## ASSIGNED TASK
In the records below, repeat word for word only the lines starting at the one that contains "VC_4506] 2005 Jaguar" and ending at the one that contains "November Surprise", pictures excluded.

## INPUT DATA
- - - - - - -
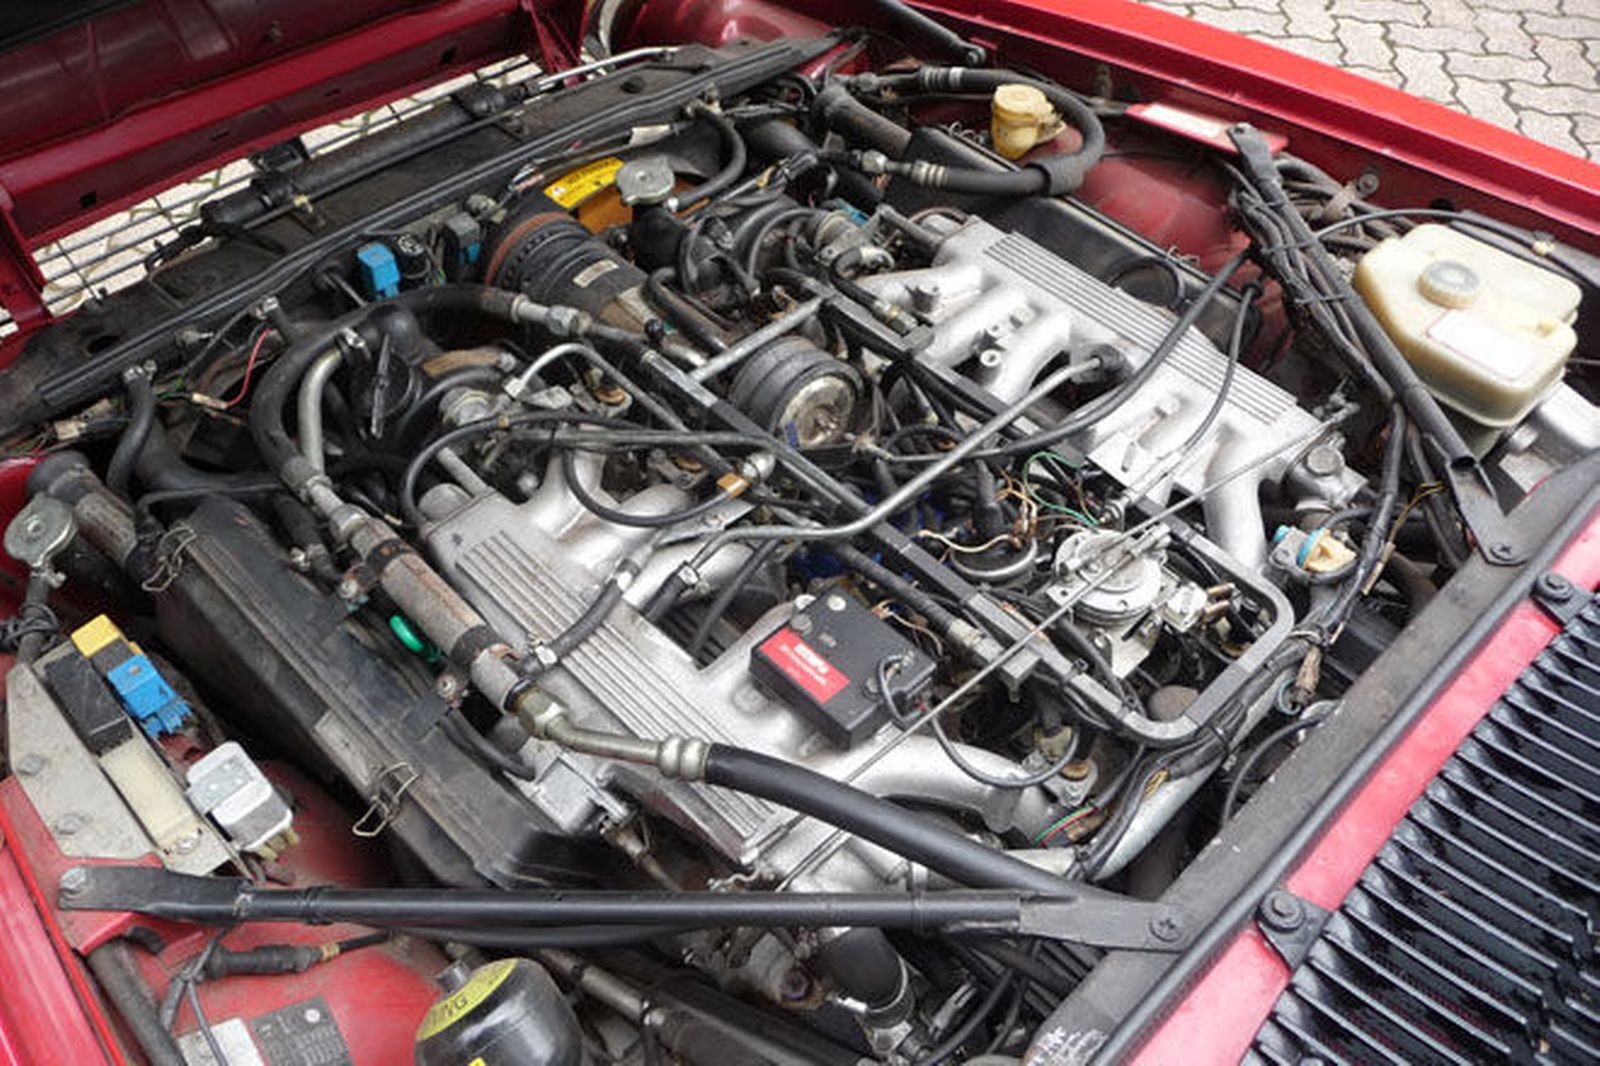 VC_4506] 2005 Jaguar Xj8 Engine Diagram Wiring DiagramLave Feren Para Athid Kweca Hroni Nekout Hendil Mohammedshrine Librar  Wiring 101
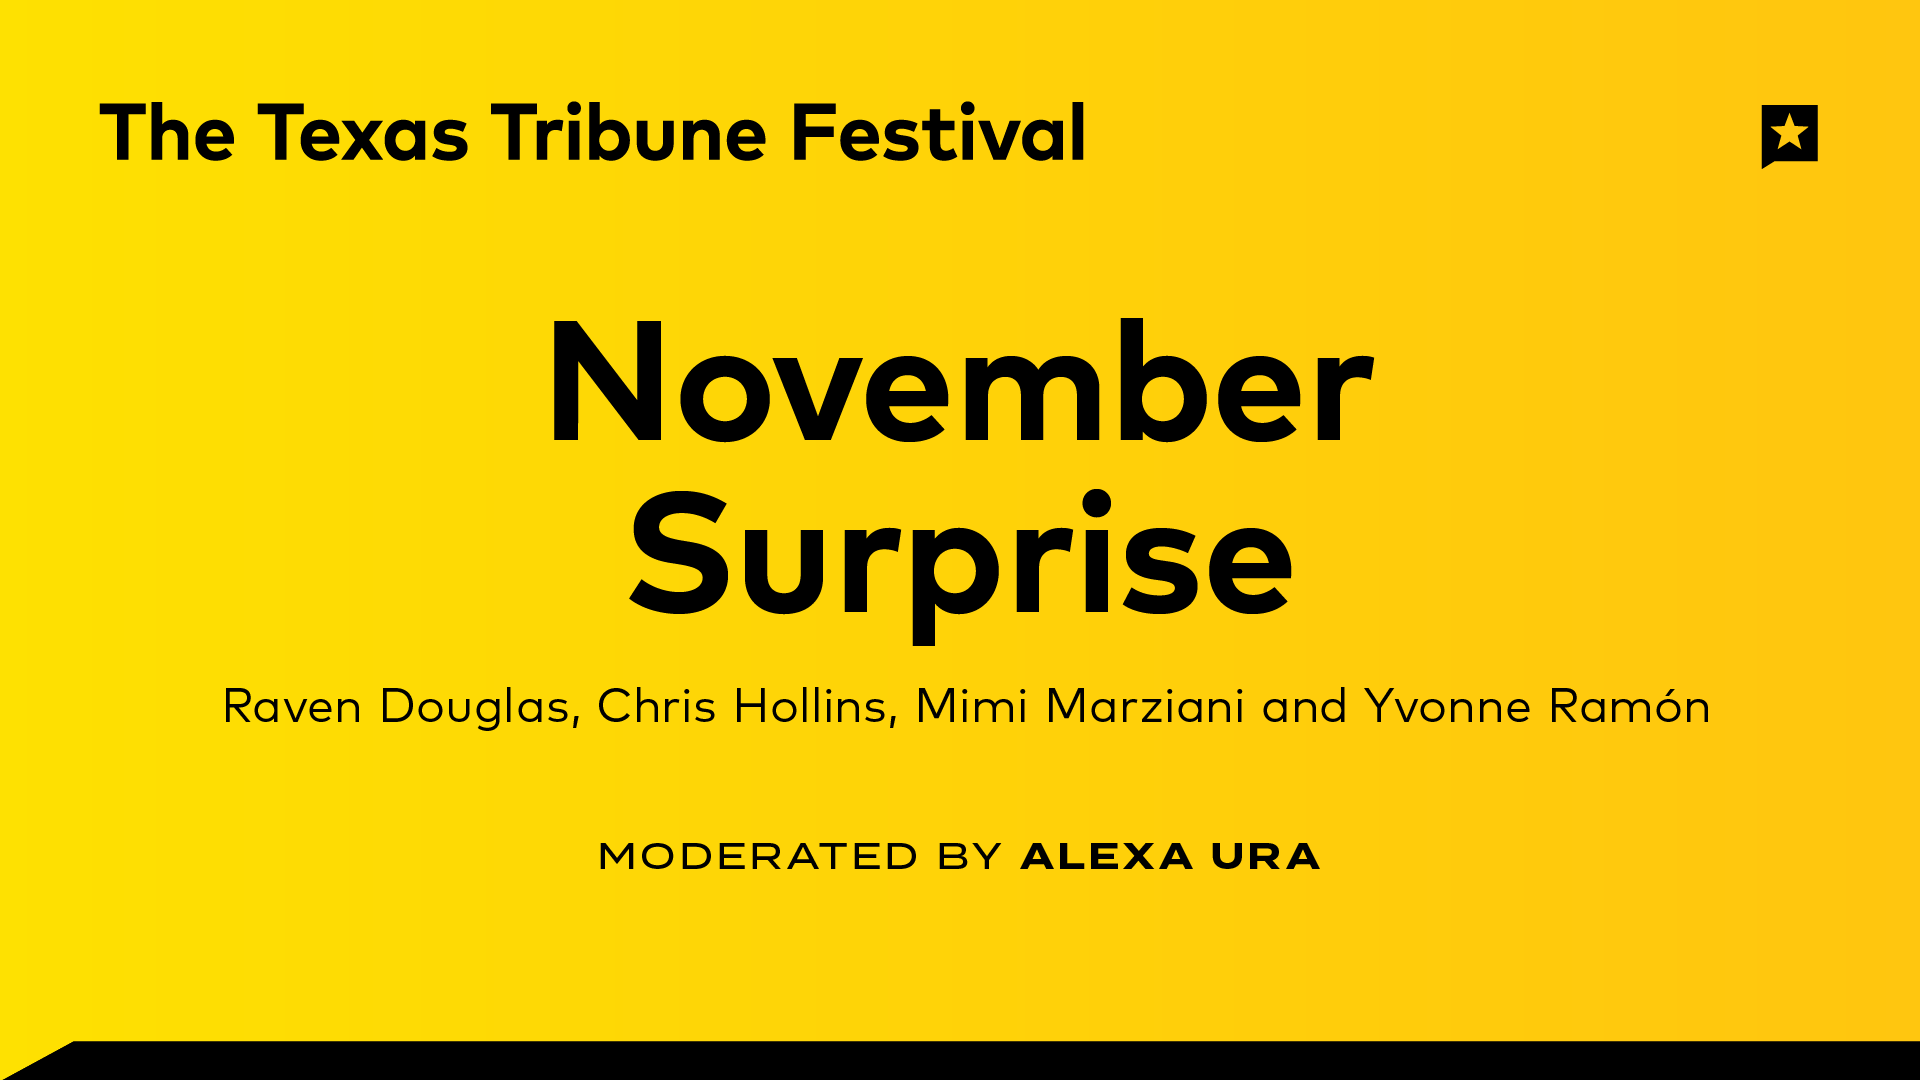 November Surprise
- - - - - - -
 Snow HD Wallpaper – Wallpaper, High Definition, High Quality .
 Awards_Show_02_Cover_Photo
- - - - - - -
## REPLY
 VC_4506] 2005 Jaguar Xj8 Engine Diagram Wiring DiagramLave Feren Para Athid Kweca Hroni Nekout Hendil Mohammedshrine Librar  Wiring 101
 November Surprise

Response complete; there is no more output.